Dzoraghbyur Training Centre, is the training ground and academy base of the Armenian football club FC Ararat Yerevan.

==Overview==
Dzoraghbyur Training Centre was opened in 2007 on the grounds of the former Dzoraghbyur Sports Complex in the Dzoraghbyur village of Kotayk Province, 12 km east of the capital Yerevan.

The complex was acquired by FC Ararat Yerevan earlier in 2003. In 2004, a large-scale rehabilitation and modernization process was launched.
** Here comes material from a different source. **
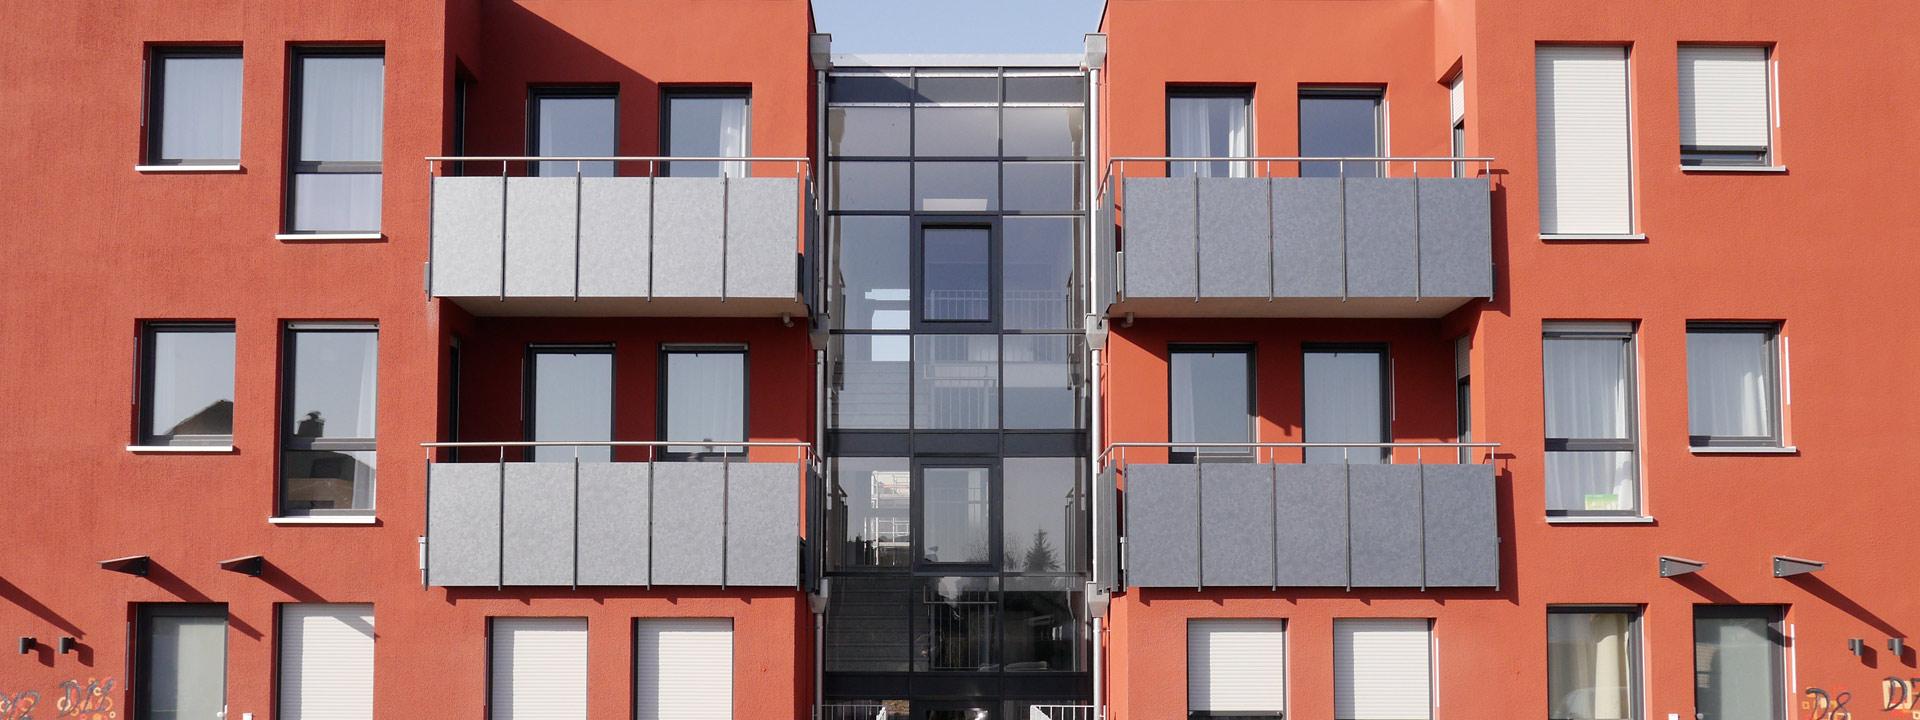 Full Size of Fenster Drutex Aachen Kunststofffenster Holzfenster Velux Kaufen Sichtschutz Trier Gardinen Bodentief Folie Für Sichern Gegen Einbruch Jalousien Jalousie Test Fenster Fenster Drutex

US$2 million was allocated by the club for the reconstruction works. The first phase of the training centre was completed in 2007.

Occupying an area of 48,000 m^{2}, the centre is currently used for the club's youth and senior teams trainings. The directing managers of the youth teams are Mushegh Nikoyan And Maxim Arakelyan.

Major rehabilitation process was conducted during summer 2016, when new artificial turf was installed and the service building was entirely renovated.

==Facilities==
With a total area of 48,000 m^{2}, the centre is home to the following facilities:
- 3 full-size natural grass pitches.
- 1 full-size artificial pitch, home to the Armenian First League side Ararat Yerevan-2; the reserve team of FC Ararat Yerevan.
- Indoor facilities housing a service centre with gymnasium.